Benny nodded. Even though he knew that there would be a long uphill road for Eve, seeing her smile put a smile on his lips. He saw another figure sitting cross-legged on the ground in the shade of a palm tree that overhung the playground.

“Is that Riot?” he asked.

“Yes. She won’t let Eve out of her sight.”

“You still think she’s a freak?”

Nix shook her head. “She’s been through a lot.” She told Benny about Riot’s past, about her being a reaper and about how she’d rebelled against that lifestyle and spent the years since helping people.

“Her mom is Mother Rose?” gasped Benny.

“Was,” corrected Nix. “Mother Rose died that day we found the wrecked plane. Riot’s been dealing with that, and I think it hit her harder than she expected.”

“How could it not?” asked Benny. “She was still her mother.”

Nix nodded. “I guess . . . she’s one of us. And she did everything she could to help Eve’s family. She knows now that we were only trying to help Eve too.”

“Well,” Benny said, “Eve’s still here. We accomplished something. We saved a kid. That’s got to count for something, even in this world.”

Shadows moved in Nix’s eyes. Not the dangerous ones that had been there so often since her mother was killed; but shadows nonetheless. Was it because their trip had failed so
badly in almost every way, or because this harsh world out here in no way matched Nix’s expectations? Benny was afraid to ask for fear of breaking what resolve she had managed to put in place.

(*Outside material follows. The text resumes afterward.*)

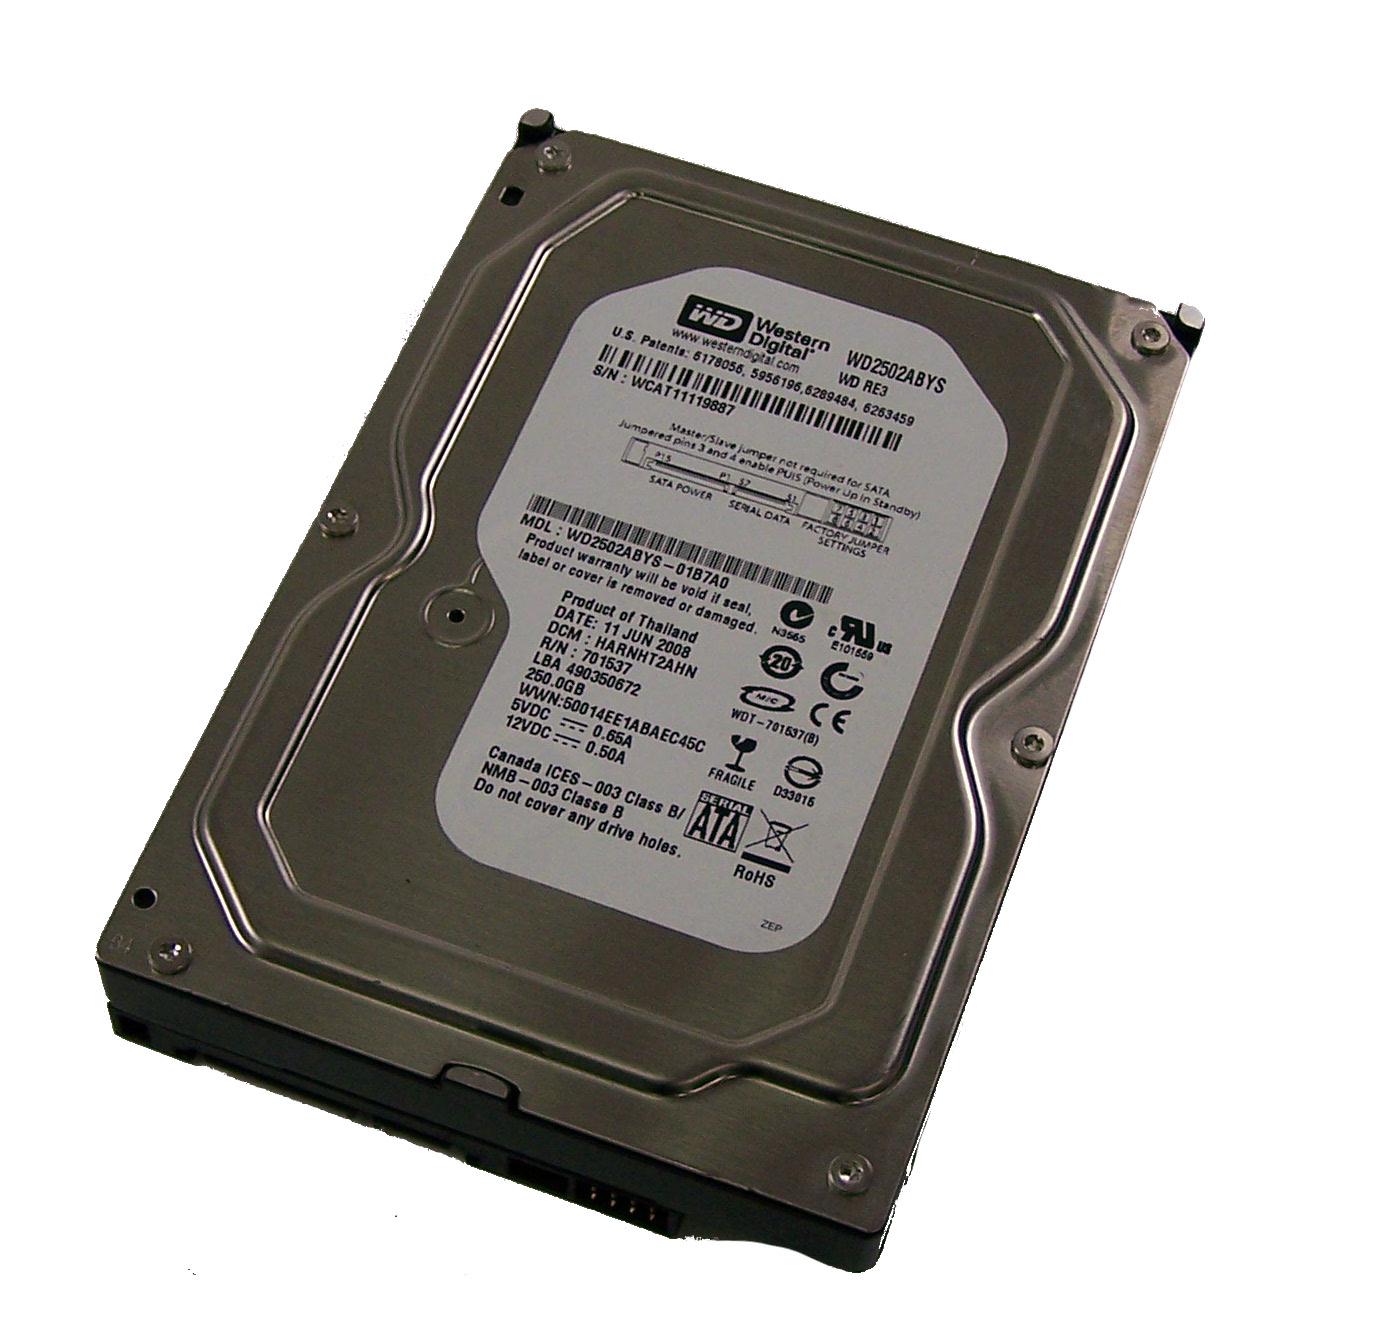 """WESTERN DIGITAL WD2502ABYS 01B7A0 WD RE3 250GB 7200 RPM SATA 3.5/"""" DRIVE"""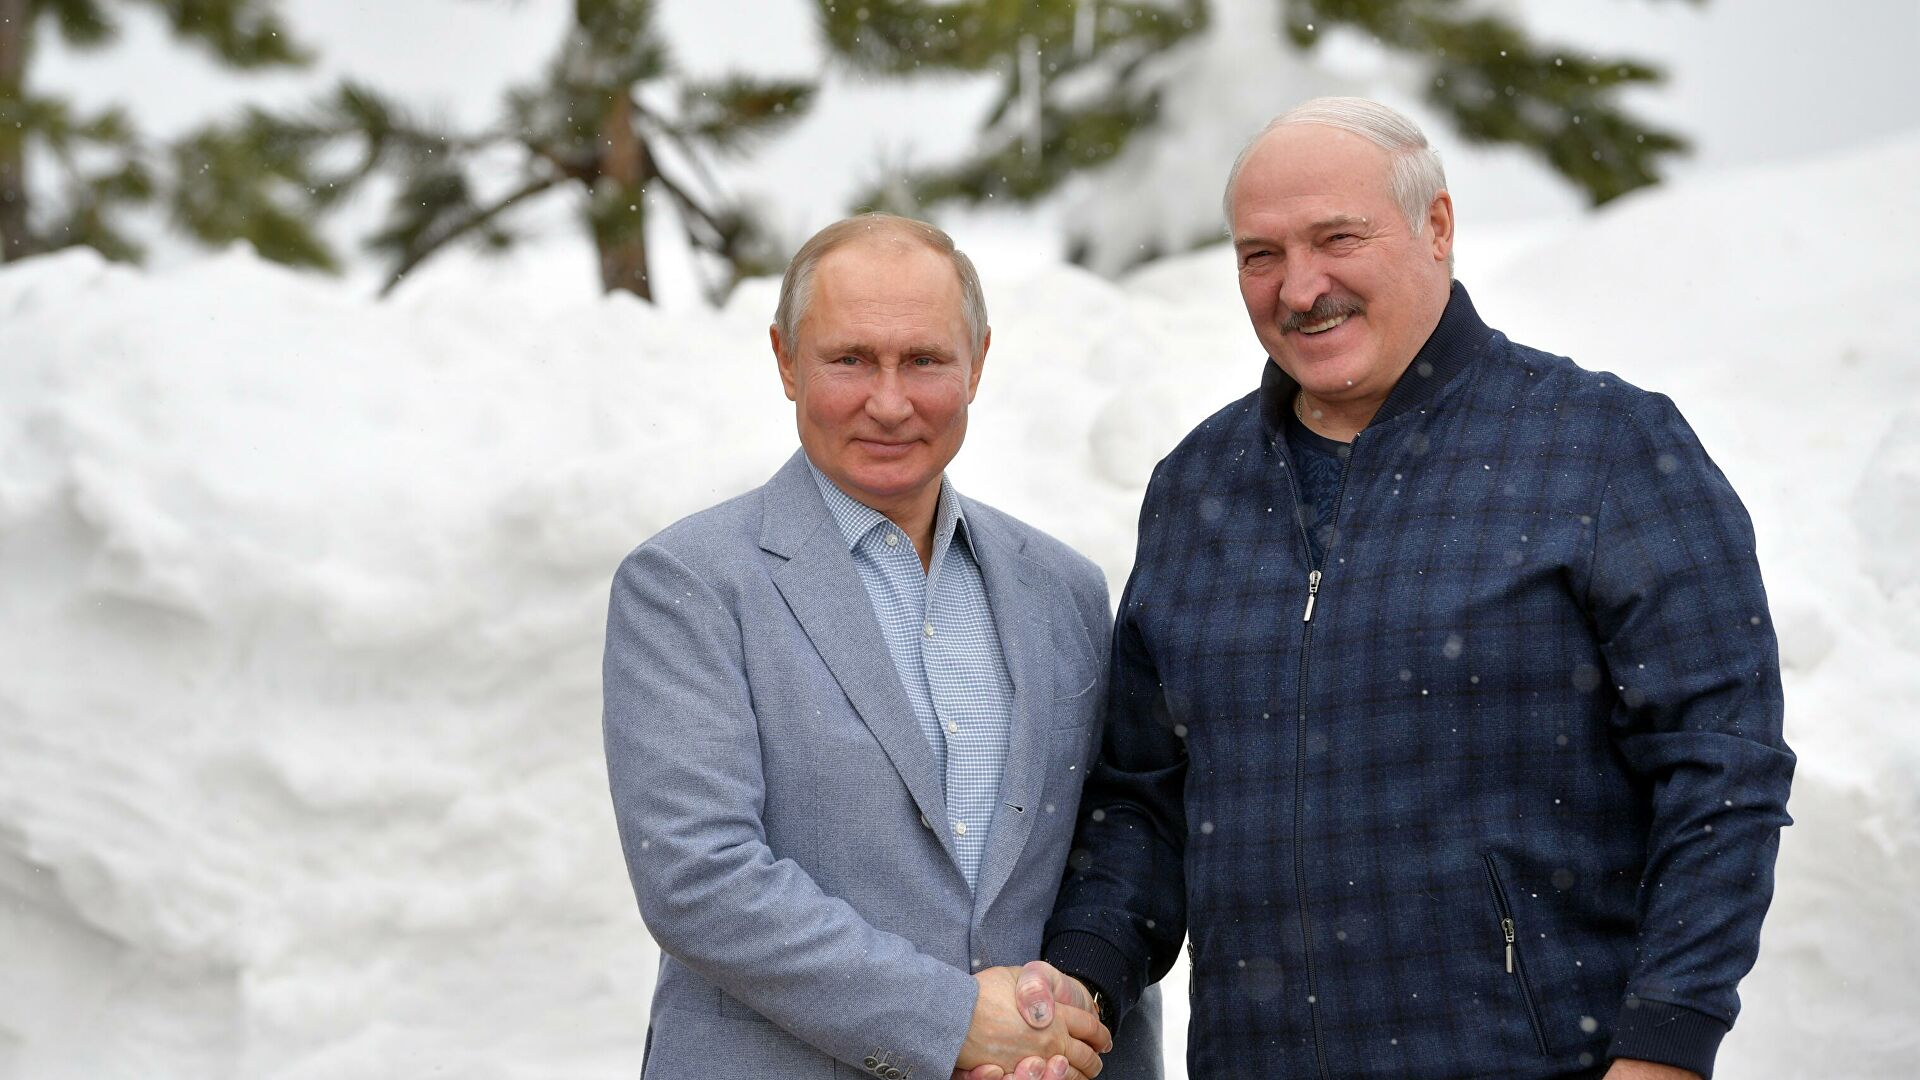 Путин: Ниво интеракције, стратешког партнерства и савеза потврђен између Белорусије и Русије

Nix sniffed back some more tears and said, “Listen, Benny, there are some things I have to tell you. Good and bad things, okay?”

“I don’t know how much more I want to hear,” he said, pitching it as a joke and watching it fall flat.

Nix said, “Do you remember seeing the jet?”

Benny brightened. “I—think so. Was it real?”

“It’s real, and it’s here. It’s in one of the hangars on the other side of the compound. But before I show you, I have to warn you about something. I need you to understand how this place works.”

“You’re scaring me here, Nix.”

“I don’t mean to.” She took a ragged breath. “Benny, people have been coming here for years. A lot of them. Long before the American Nation set up the lab. Before they had any kind of treatments for anything. People came here to die in peace, Benny. They came here because this place is run by way-station monks. Do you understand what that means?”

“Yes,” Benny said, though his voice was a hoarse croak. “Way-station monks think the zoms are the meek who are supposed to inherit the earth.”

“Have inherited the earth, Benny. Have.”

He studied her, but her eyes were hard. She seemed to be waiting for him to ask, so he asked. A terrible thought crept into his mind.

“Nix,” he asked, “what happened to all those people?”

Nix nodded and took him gently by the hand and guided him around the corner of the hangar.

Benny stopped dead in his tracks. Just beyond the hangar was a trench that was twenty feet wide and twenty feet deep. Beyond that was a set of runways for a military airport. Benny had seen pictures of places like this. The flat ground stretched all the way to the range of red rocks in one direction and into a heat haze on the far horizon. A second set of hangars—four in all—stood a thousand yards beyond the trench, and in front of those was a six-story concrete building. Surrounding these buildings was a ten-foot-high cinder-block wall. On the far side of the landing field, well beyond the runways, there was a line of slender towers, like lampposts but with bell-shaped devices mounted atop each one.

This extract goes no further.